Rama is only seen as the incarnation of Vishnu in later versions of the Ramayana. In the original version, Valmikis, he is portrayed as a completely normal person, but as someone with unusual strength and an exemplary heart.

Rama is the exemplary person according to the ideas of the priests. Sita is considered a role model for marital fidelity. The Ramayana is rich in very poetic episodes and has retained its uniform character, although it has been revised several times.

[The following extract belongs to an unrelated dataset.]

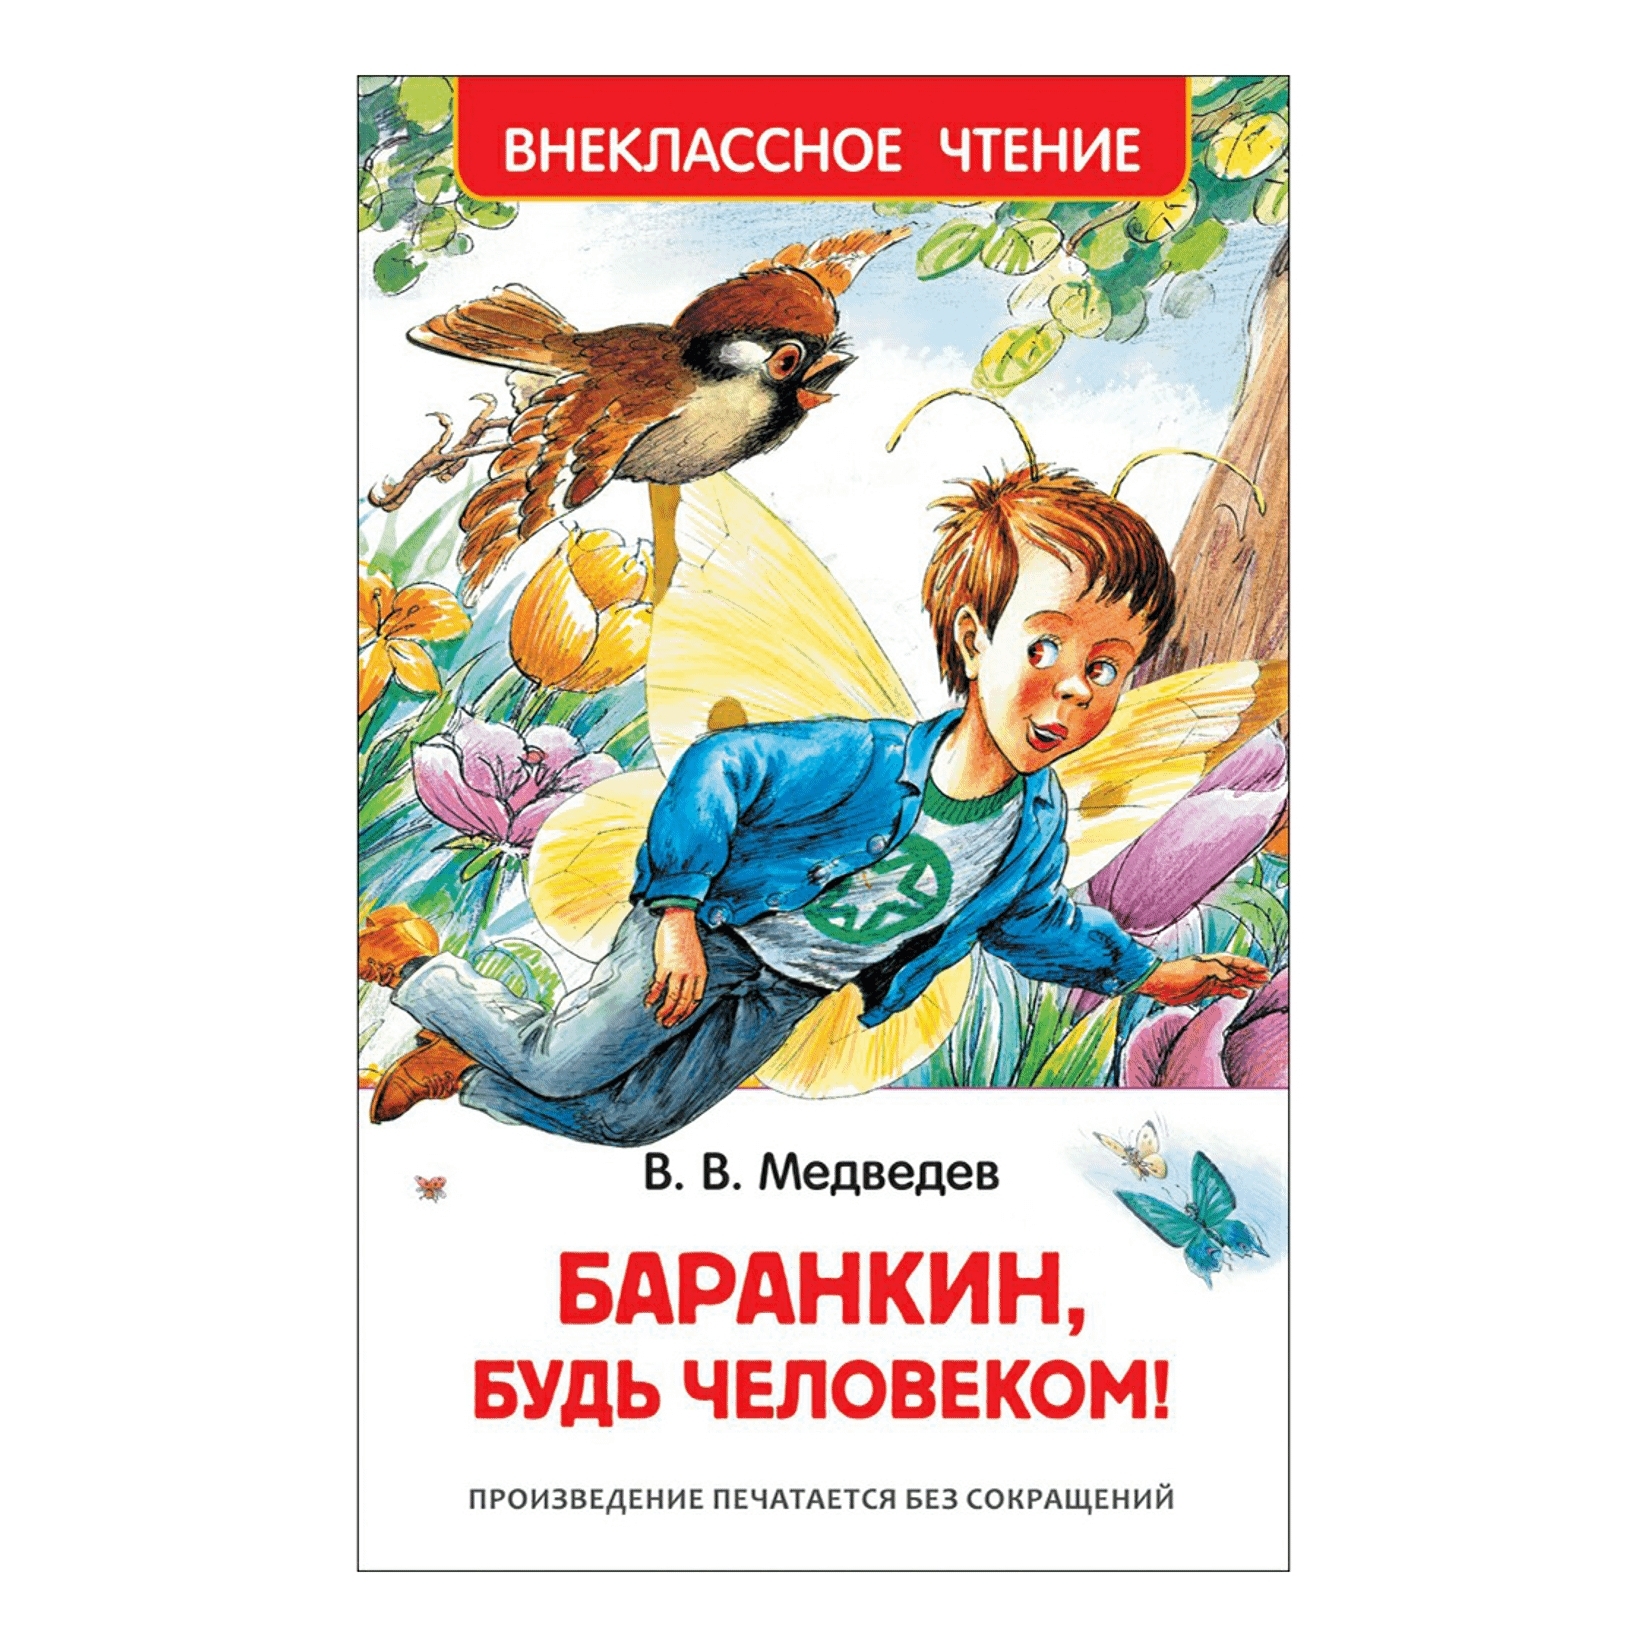 Книга Медведева Баранкин будь человеком. Медведев Баранкин будь человеком обложка. Читать будь человеком полностью

  • The Ramayana is ... a living force in India. In translations and adaptations and in that diverse way in which traditions and legends spread and become part of the way of life of a people. Jawaharlal Nehru


Text output

  • Vālmīki: Rāmāyaṇa. Critical Edition. Ed. v. GH Bhatt u. Umakant Premanand Shah. 7 vols. Oriental Institute, Baroda 1960–1975.
  • The Vālmīki Rāmāyaṇa according to Southern recension . Ed. v. TR Krishnacharya. Kumbakonam 1905. Reprint: 2 vols. Sri Satguru Publ., Delhi 1982
  • Valmiki Ramayana. Ed. v. Gaspare Gorresio. 7 vols. Parigi 1843-1867. New edition: Indian Heritage Trust, Madras 1980–1982
  • The Râmâyaṇa of Vâlmîki. With the commentary (Tilaka) of Râma. Ed. v. Kâśînāth Pâṇdurang. 2 vols. Nirṇaya-Sâgara Press, Bombay 1888. Bombay edition


Secondary literature

  • Mandakranta Bose (Ed.): The Ramayana Revisited. Oxford University Press, Oxford 2004
  • John L. Brockington: Righteous Rāma. The Evolution of an Epic. Delhi: Oxford University Press, 1984.
  • Helmuth von Glasenapp : Two philosophical Râmâyaṇas (= treatises of the Academy of Sciences and Literature. Humanities and social science class. Born in 1951, Volume 6). Verlag der Wissenschaft und der Literatur in Mainz (commissioned by Franz Steiner Verlag, Wiesbaden).
  • Hermann Jakobi : The Râmâyaṇa. History and content along with concordance of the printed reviews. Friedrich Cohen, Bonn 1893. Reprint: Wissenschaftliche Buchgesellschaft, Darmstadt 1970.
  • Paula Richman (Ed.): Many Rāmāyaṇas. The Diversity of a Narrative Tradition in South Asia. Berkley: University of California Press, 1991. ( Available online )
  • Leendert Antonius van Daalen: Valmiki's Sanskrit (= Orientalia Rheno-Traiectina , XXV). Brill, Leiden 1980.